Jacob had found the movie schmaltzy and overblown, flirting with kitsch. But he had been profoundly moved. Irv had denounced the impulse to tell an uplifting Holocaust story, to give, for all intents and purposes, a statistically negligible happy ending generated by that statistically negligible of species, the good German. But even he had been moved to his limits. Isaac couldn’t have been more moved: You see, you see what was done to us—to mine parents, to mine brothers, to me, you see? Everyone was moved, and everyone was convinced that being moved was the ultimate aesthetic, intellectual, and ethical experience.

...“Israel? Israel is thriving. Walk down the streets of Tel Aviv one night. There’s more culture per square foot than anywhere in the world. Look at our economy. We’re sixty-eight years old—younger than you, Irv. We have only eight million people, no natural resources, and are engaged in perpetual war. All that, and we file more patents every year than any other country, including yours.”
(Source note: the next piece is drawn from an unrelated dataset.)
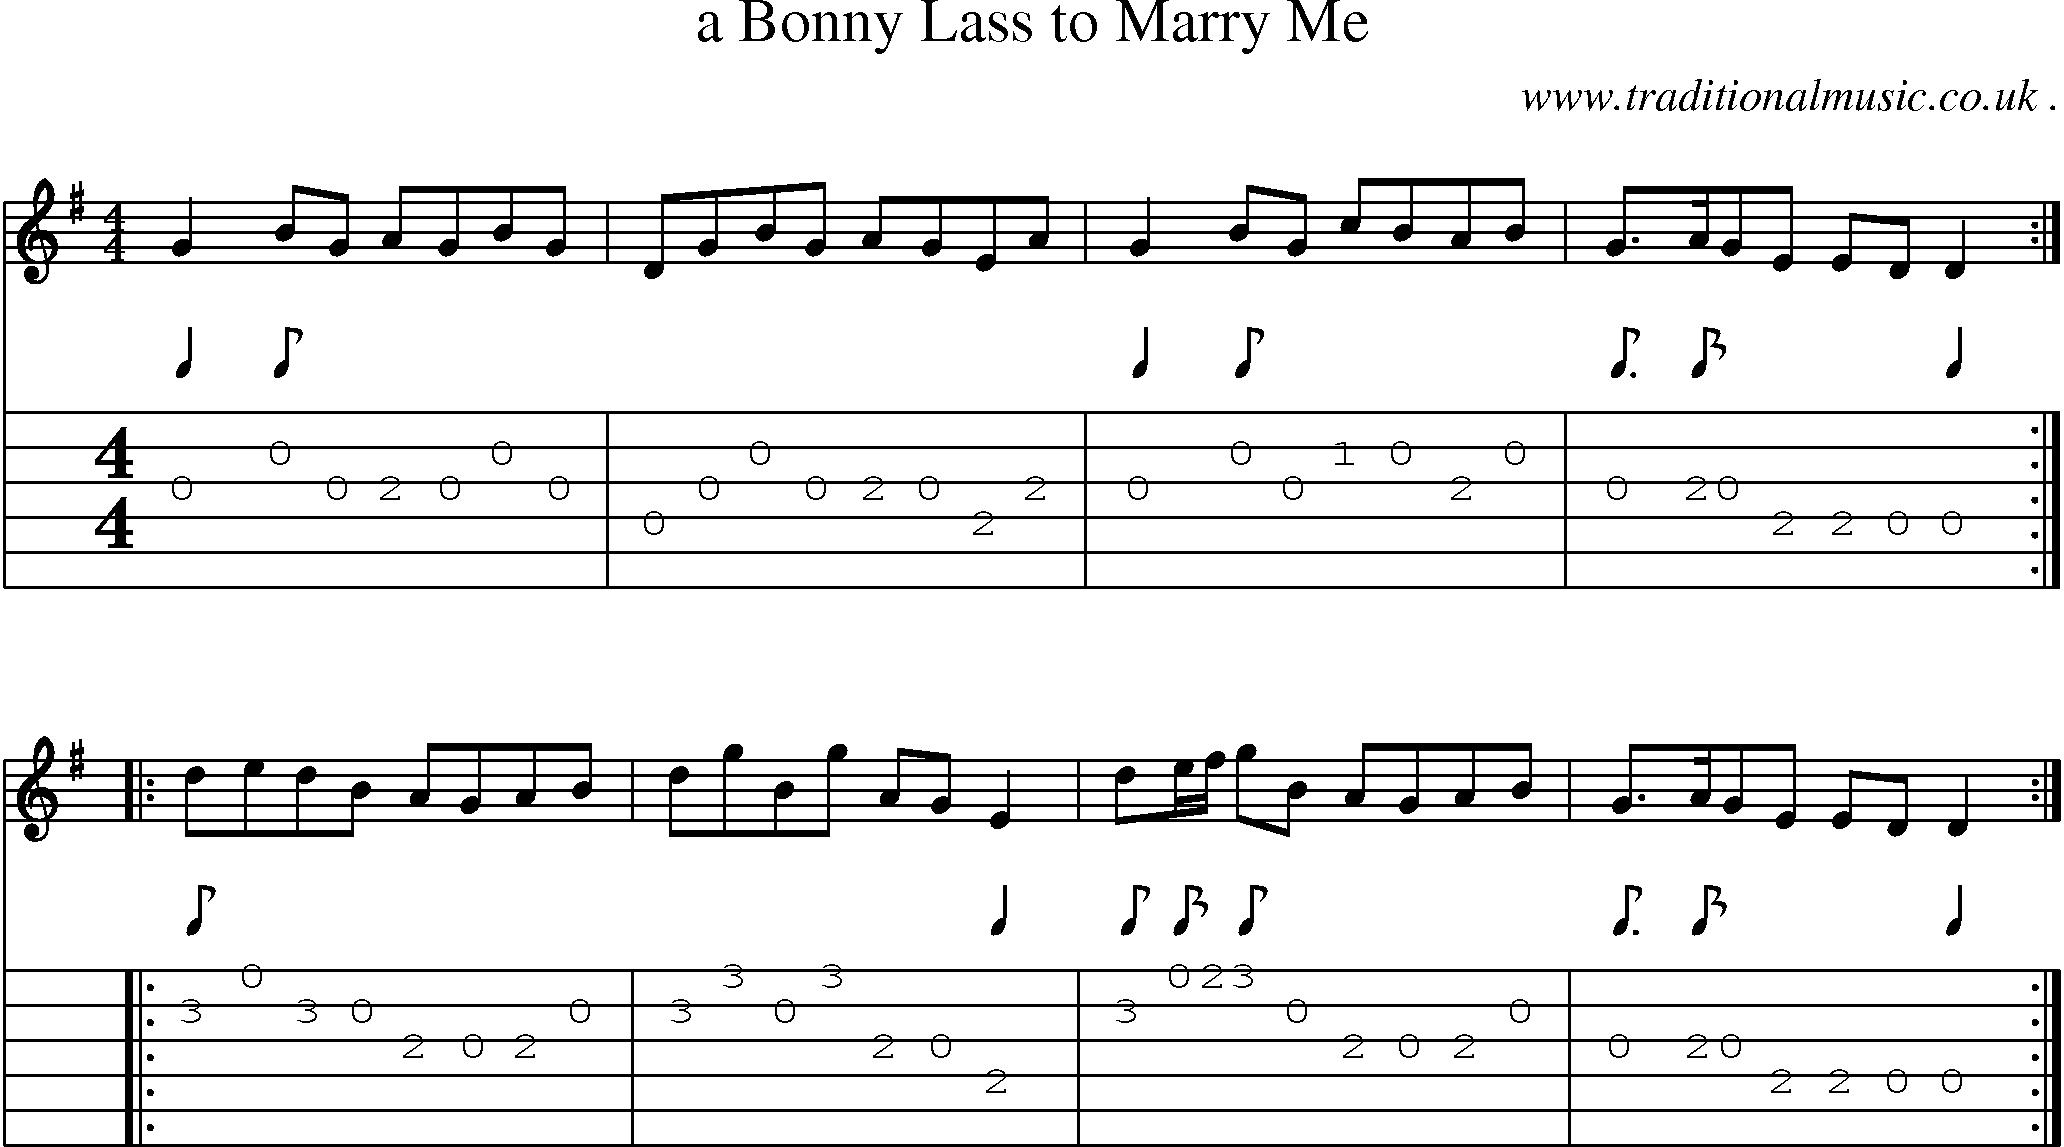 Sheet-music  score, Chords and Guitar Tabs for A Bonny Lass To Marry Me

“Things are going well,” Irv confirmed.

“Things have never been better anywhere, at any time, than they are in Israel right now. Look, Rivka and I are in a triplex now—three floors. We have seven bedrooms—”

“Eight,” Barak corrected.

“He’s right. It’s eight. Eight bedrooms, even though we’re only four people now that Noam is in the Army. Two bedrooms a person. But I like the space. It’s not that we have so many guests, although we have a lot, but I like to stretch out: a couple of rooms for my business ventures; Rivka is insane about meditating; the kids have air hockey, gaming systems. They have a foosball table from Germany. I have an assistant who has nothing to do with my business ventures but just helps with life-style things, and I said, ‘Go find me the best foosball table in the world.’ And she did. She has an amazing body, and she knows how to find anything. You could leave this foosball table in the rain for a year and it would be fine.”

“I thought it never rains in Israel,” Jacob said.
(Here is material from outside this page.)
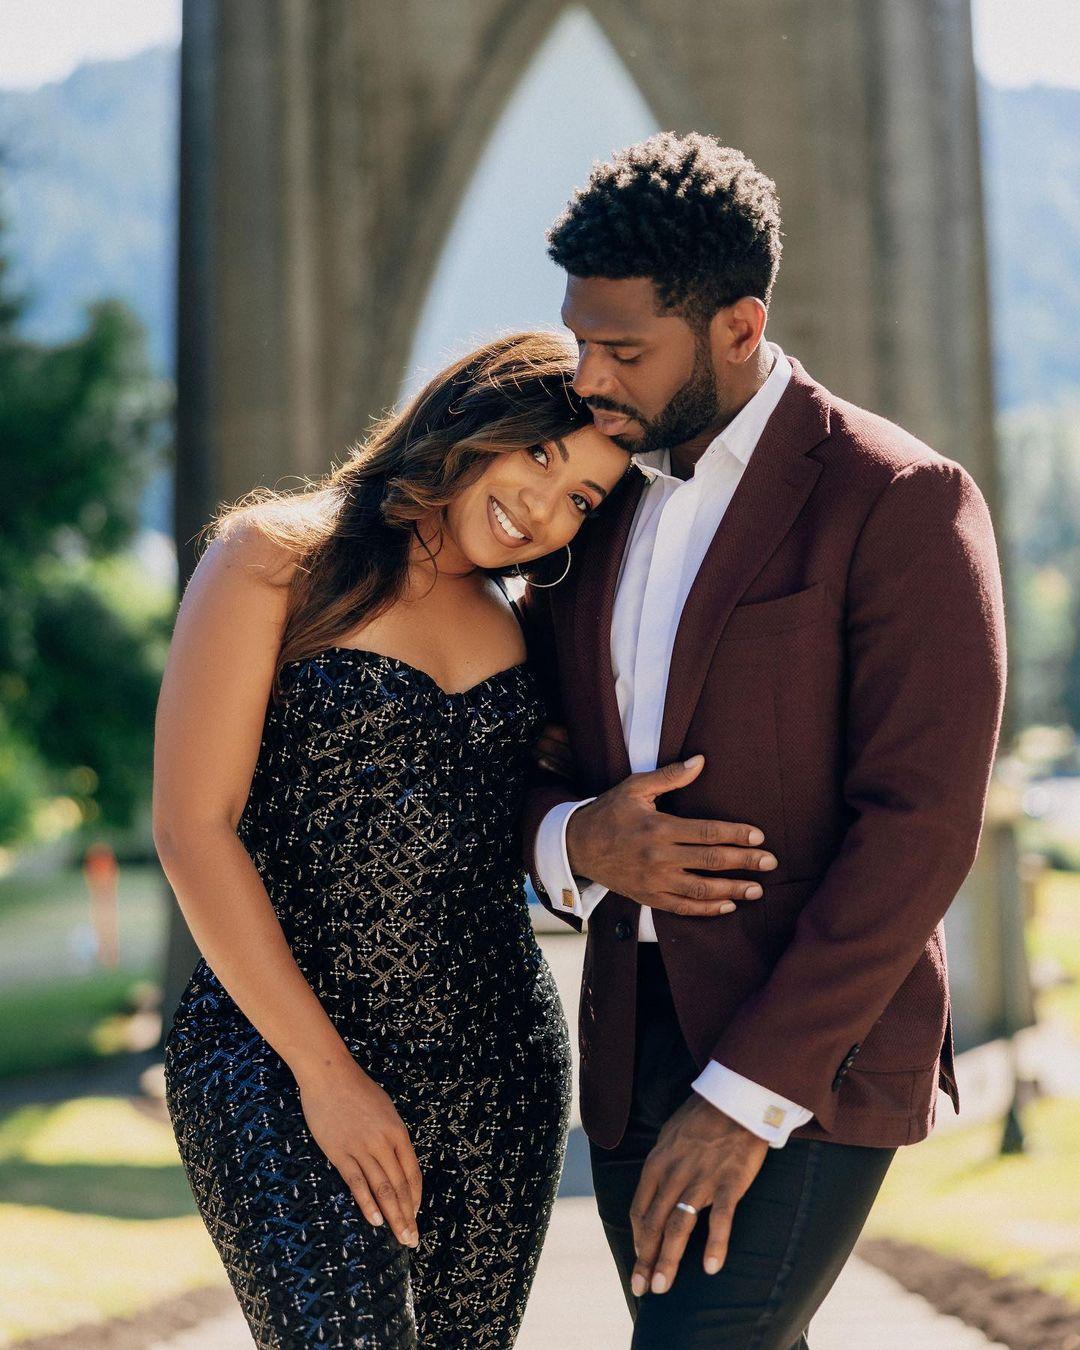 Brett and Tiffany Brown from "Love Is Blind" share their latest photos

“It does,” Tamir said. “But you’re right, the climate is ideal. So when we were walking through the new apartment I turned to Rivka and said, ‘Eh?’ And she said, ‘What do we need with an apartment this big?’ I told her what I’ll tell you now: the more you buy, the more you have to sell.”

...“And what about the situation?” Irv asked.

“What situation?”


“What? Food safety?”

“The Arabs.”

“Which ones?”

“Iran. Syria. Hezbollah. Hamas. The Islamic State. Al Qaeda.”

“The Iranians aren’t Arabs. They’re Persian.”

“I’m sure that helps you sleep at night.”

“Things could be better, things could be worse. Beyond that, you know what I know.”

“So how does it feel over there?” Irv pressed.

“Would I be happier if Noam were a d.j. for the Army radio station? Sure. But I feel fine. Barak, you feel fine?”

“I feel cool.”

“You think Israel’s going to bomb Iran?”

“I don’t know,” Tamir said. “What do you think?”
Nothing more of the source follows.